What I have so far is:
lookup = sc.textFile("/user/myuser/lookup.asv")
lookup.map(lambda r: r.split(chr(1)) )
And now I have a RDD looks like
[
[filename1, category1],
[filename2, category2],
...
[filenamen, categoryn]
]
How can I turn that RDD into a broadcasted dictionary like:
{filename1: category1, filename2: category2, ...}
This is what I have tried but not working:
>>> broadcastVar = sc.broadcast({})
>>> data = sc.parallelize([[1,1], [2,2], [3,3], [4,4]])
>>> def myfunc(x):
... broadcastVar[str(x[0])] = x[1]
...
>>> result = data.map(myfunc)
>>> broadcastVar
<pyspark.broadcast.Broadcast object at 0x7f776555e710>
>>> broadcastVar.value
{}
>>> result.collect()
...
ERROR: TypeError: 'Broadcast' object does not support item assignment
...
>>> broadcastVar.value
{}
For more information about why I am building this huge lookup variable, read this:
This is a followup question of this one.
I have two tables where
table1: a very wide (25K columns and 150K rows) table where each column contains the pixel info and the first column is the filename of the input image file.
table2: a TSV (tab delimited file) file that has 3 million rows and each row contains the image file name and the product category of the image.
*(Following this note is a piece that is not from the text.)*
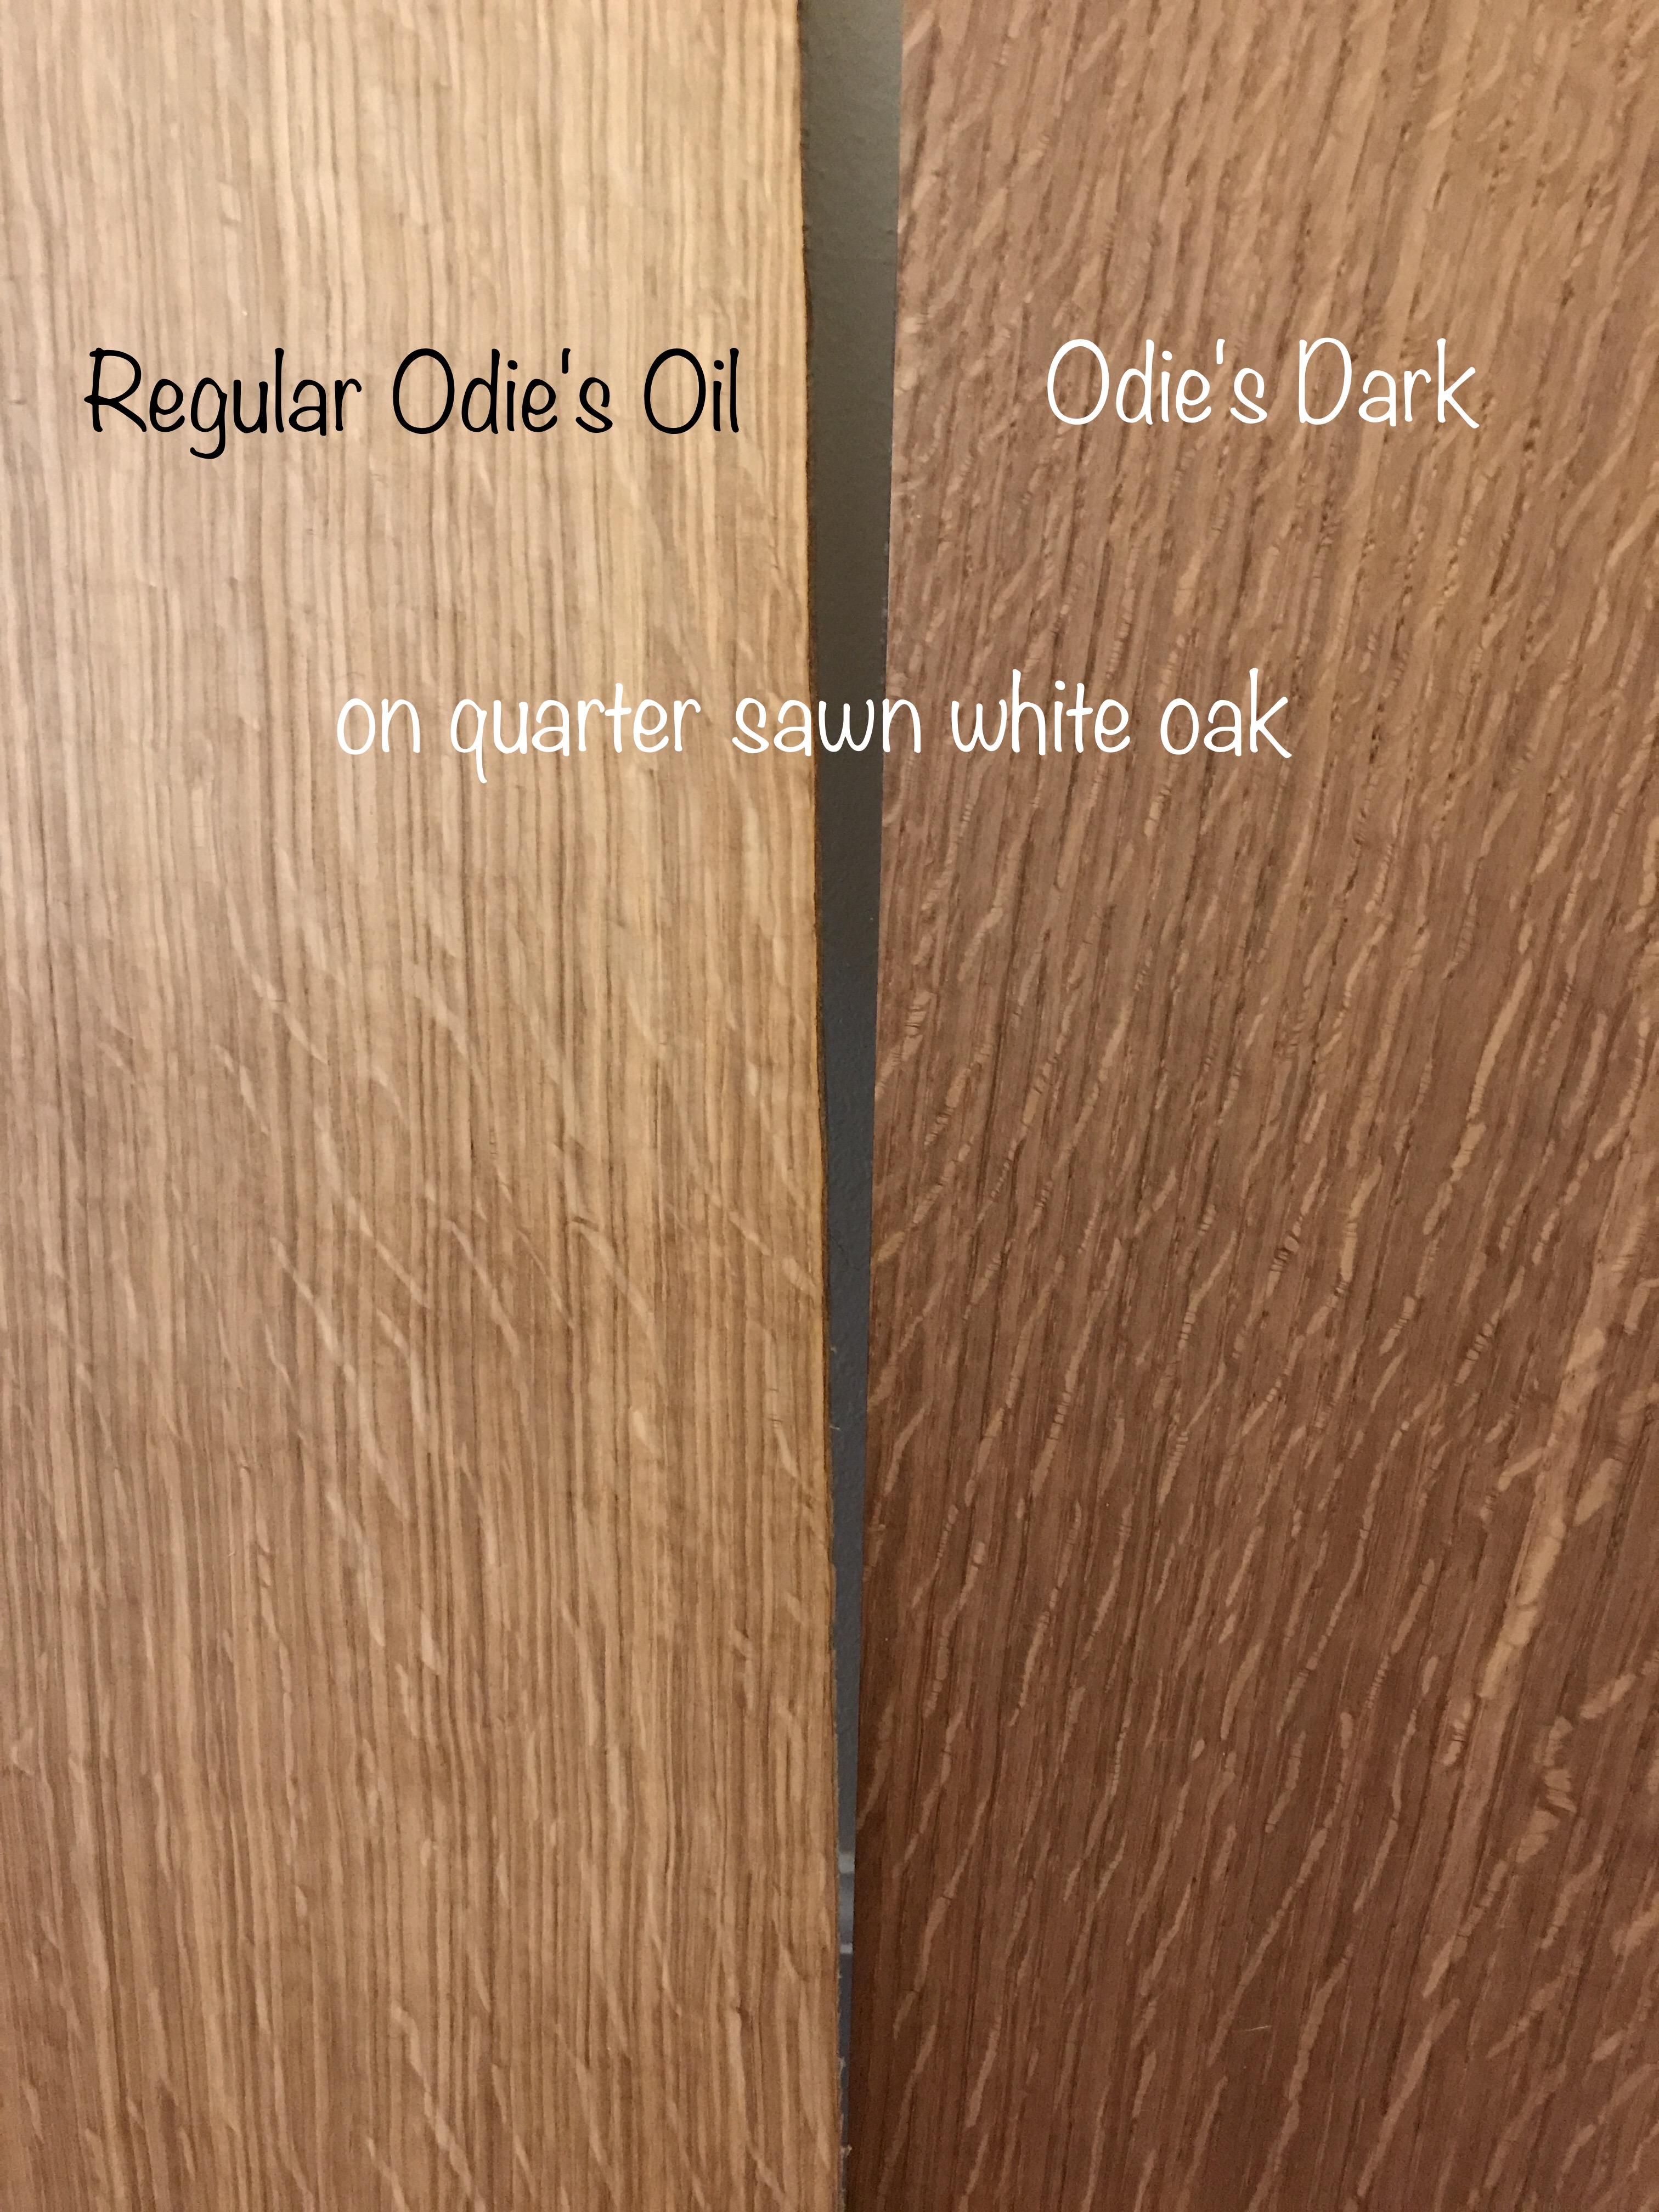 odie-s-oil-vs-odie-s-dark-on-white-oak.jpg

Speaking in SQL, I need to do a inner join on those two tables on the filename so I can label the image data for later on machine learning.
It is not realistic to do it in any sort of SQL because you have to create a table for table1 which has 25K columns, the create table syntax will be ridiculous long.
Then I am thinking about creating a lookup variable using table2 and maybe make it a broadcast variable where the key is the filename and the value is the product category.